### Exercise prompt
Find every line below with the word "December" in it, and copy each one.

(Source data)
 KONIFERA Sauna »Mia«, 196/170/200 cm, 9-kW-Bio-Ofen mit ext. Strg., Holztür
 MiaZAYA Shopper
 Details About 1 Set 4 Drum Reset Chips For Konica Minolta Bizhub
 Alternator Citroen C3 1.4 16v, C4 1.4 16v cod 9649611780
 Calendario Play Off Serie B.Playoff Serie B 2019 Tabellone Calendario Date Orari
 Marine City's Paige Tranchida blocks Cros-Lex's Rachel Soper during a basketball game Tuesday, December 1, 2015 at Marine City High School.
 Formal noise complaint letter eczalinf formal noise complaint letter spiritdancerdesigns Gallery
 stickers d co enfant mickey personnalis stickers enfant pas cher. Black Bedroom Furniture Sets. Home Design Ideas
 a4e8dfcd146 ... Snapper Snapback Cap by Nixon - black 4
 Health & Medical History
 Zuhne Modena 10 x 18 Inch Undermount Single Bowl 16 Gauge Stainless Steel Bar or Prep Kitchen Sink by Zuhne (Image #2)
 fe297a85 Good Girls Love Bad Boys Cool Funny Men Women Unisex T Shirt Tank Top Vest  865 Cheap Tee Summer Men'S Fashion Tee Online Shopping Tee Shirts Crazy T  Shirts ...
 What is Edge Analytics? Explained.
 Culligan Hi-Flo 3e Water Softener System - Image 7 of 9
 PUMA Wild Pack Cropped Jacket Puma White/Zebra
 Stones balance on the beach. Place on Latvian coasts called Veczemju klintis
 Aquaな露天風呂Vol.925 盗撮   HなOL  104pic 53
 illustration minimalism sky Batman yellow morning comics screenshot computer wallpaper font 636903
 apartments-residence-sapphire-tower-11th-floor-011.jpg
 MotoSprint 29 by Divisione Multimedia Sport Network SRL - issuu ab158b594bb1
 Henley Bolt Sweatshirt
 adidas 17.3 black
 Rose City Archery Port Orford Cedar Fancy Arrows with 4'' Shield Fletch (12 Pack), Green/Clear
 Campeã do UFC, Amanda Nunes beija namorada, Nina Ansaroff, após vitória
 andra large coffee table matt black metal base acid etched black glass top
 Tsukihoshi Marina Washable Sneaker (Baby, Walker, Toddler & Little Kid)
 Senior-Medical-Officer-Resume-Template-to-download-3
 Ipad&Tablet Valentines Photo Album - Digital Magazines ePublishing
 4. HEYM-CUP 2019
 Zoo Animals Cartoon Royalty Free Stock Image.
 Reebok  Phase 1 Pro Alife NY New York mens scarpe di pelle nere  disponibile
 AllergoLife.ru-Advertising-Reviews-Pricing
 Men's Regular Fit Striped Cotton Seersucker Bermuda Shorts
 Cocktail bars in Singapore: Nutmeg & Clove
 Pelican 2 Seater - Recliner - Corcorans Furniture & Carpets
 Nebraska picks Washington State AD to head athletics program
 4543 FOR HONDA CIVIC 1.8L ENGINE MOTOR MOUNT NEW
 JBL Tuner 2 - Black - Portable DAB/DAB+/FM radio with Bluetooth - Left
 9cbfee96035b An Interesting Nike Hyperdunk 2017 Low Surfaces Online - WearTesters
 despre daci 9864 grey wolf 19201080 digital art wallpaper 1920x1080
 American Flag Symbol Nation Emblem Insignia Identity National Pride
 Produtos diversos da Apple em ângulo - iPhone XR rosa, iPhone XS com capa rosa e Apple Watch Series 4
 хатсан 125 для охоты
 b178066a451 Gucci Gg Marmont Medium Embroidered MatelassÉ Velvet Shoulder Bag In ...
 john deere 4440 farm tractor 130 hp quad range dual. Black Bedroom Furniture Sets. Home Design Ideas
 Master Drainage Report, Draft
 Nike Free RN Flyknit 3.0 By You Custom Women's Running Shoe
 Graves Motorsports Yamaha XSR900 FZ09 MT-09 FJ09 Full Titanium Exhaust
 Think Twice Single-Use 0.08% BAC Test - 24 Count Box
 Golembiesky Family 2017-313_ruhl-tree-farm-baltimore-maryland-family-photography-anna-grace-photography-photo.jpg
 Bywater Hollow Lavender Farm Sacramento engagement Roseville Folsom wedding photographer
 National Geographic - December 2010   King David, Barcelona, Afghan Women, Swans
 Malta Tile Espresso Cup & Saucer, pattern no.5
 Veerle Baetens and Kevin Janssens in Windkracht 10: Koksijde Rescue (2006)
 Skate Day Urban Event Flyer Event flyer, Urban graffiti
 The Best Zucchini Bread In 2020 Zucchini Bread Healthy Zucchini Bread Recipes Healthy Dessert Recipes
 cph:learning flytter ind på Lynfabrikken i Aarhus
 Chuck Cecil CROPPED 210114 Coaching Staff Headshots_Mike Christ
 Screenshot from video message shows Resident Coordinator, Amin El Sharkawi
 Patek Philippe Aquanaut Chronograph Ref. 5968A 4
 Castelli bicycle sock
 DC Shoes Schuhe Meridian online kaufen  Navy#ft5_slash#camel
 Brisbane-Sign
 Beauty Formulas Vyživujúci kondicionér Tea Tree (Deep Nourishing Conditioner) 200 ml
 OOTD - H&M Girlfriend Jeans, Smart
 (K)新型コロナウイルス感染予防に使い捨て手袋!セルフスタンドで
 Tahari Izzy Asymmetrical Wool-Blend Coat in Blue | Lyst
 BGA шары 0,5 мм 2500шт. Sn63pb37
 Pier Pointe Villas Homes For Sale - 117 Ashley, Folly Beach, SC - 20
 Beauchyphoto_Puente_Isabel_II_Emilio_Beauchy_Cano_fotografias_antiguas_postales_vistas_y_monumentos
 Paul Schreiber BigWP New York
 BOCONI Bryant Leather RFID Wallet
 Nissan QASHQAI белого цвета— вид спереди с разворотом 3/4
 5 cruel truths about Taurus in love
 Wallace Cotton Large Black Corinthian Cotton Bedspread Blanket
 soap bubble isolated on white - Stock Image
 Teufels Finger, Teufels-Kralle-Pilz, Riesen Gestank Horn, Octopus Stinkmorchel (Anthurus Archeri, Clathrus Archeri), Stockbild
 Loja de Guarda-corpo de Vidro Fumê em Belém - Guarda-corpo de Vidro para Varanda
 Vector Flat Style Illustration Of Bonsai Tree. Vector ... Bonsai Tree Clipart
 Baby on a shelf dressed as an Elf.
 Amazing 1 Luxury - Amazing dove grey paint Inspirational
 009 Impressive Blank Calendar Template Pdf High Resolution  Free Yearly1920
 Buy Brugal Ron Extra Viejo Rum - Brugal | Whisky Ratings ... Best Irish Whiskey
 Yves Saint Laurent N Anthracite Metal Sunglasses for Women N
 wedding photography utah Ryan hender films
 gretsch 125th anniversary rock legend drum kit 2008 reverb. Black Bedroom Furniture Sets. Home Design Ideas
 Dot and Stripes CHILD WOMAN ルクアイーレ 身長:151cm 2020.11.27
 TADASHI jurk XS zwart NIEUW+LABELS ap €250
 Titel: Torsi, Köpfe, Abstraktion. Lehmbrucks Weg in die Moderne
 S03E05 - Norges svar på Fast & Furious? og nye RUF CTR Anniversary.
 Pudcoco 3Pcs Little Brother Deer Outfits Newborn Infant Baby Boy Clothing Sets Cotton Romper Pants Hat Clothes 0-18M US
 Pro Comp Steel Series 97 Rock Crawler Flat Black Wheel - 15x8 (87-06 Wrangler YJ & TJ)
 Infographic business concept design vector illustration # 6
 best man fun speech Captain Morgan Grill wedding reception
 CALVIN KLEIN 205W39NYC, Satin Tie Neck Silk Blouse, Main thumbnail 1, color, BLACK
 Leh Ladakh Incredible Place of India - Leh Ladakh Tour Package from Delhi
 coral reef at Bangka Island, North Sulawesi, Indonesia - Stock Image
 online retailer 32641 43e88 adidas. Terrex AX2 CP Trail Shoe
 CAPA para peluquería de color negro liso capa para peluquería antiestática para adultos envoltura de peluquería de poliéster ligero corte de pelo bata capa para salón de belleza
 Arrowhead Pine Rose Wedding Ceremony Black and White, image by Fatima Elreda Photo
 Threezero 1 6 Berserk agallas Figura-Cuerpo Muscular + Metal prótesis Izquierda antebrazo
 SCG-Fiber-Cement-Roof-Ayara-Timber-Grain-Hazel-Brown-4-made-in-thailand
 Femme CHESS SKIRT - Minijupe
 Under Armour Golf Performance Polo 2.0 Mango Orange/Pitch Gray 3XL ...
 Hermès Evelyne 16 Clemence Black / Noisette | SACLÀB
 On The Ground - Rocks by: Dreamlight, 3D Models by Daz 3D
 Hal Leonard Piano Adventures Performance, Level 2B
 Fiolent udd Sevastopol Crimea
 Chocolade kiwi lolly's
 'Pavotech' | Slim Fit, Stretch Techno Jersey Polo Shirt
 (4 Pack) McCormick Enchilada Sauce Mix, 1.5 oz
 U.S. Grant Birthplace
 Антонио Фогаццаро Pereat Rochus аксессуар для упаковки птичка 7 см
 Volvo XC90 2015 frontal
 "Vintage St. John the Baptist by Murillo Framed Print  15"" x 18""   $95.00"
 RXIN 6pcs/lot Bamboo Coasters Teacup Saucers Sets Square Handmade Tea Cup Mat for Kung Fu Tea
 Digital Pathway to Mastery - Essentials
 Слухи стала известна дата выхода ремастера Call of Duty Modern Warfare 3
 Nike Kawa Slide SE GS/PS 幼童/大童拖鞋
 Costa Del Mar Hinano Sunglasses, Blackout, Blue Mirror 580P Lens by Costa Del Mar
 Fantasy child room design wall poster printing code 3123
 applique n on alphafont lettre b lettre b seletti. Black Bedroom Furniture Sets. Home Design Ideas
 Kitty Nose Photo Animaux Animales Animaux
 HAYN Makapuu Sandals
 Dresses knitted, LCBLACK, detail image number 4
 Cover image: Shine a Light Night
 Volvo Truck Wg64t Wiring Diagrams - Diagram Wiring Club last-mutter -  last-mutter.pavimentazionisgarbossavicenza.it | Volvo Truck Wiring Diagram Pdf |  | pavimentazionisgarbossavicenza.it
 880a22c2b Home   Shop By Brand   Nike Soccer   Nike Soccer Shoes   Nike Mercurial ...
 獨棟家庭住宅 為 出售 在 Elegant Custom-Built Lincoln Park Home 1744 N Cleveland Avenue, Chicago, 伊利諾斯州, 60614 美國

### Problem solution
 Marine City's Paige Tranchida blocks Cros-Lex's Rachel Soper during a basketball game Tuesday, December 1, 2015 at Marine City High School.
 National Geographic - December 2010   King David, Barcelona, Afghan Women, Swans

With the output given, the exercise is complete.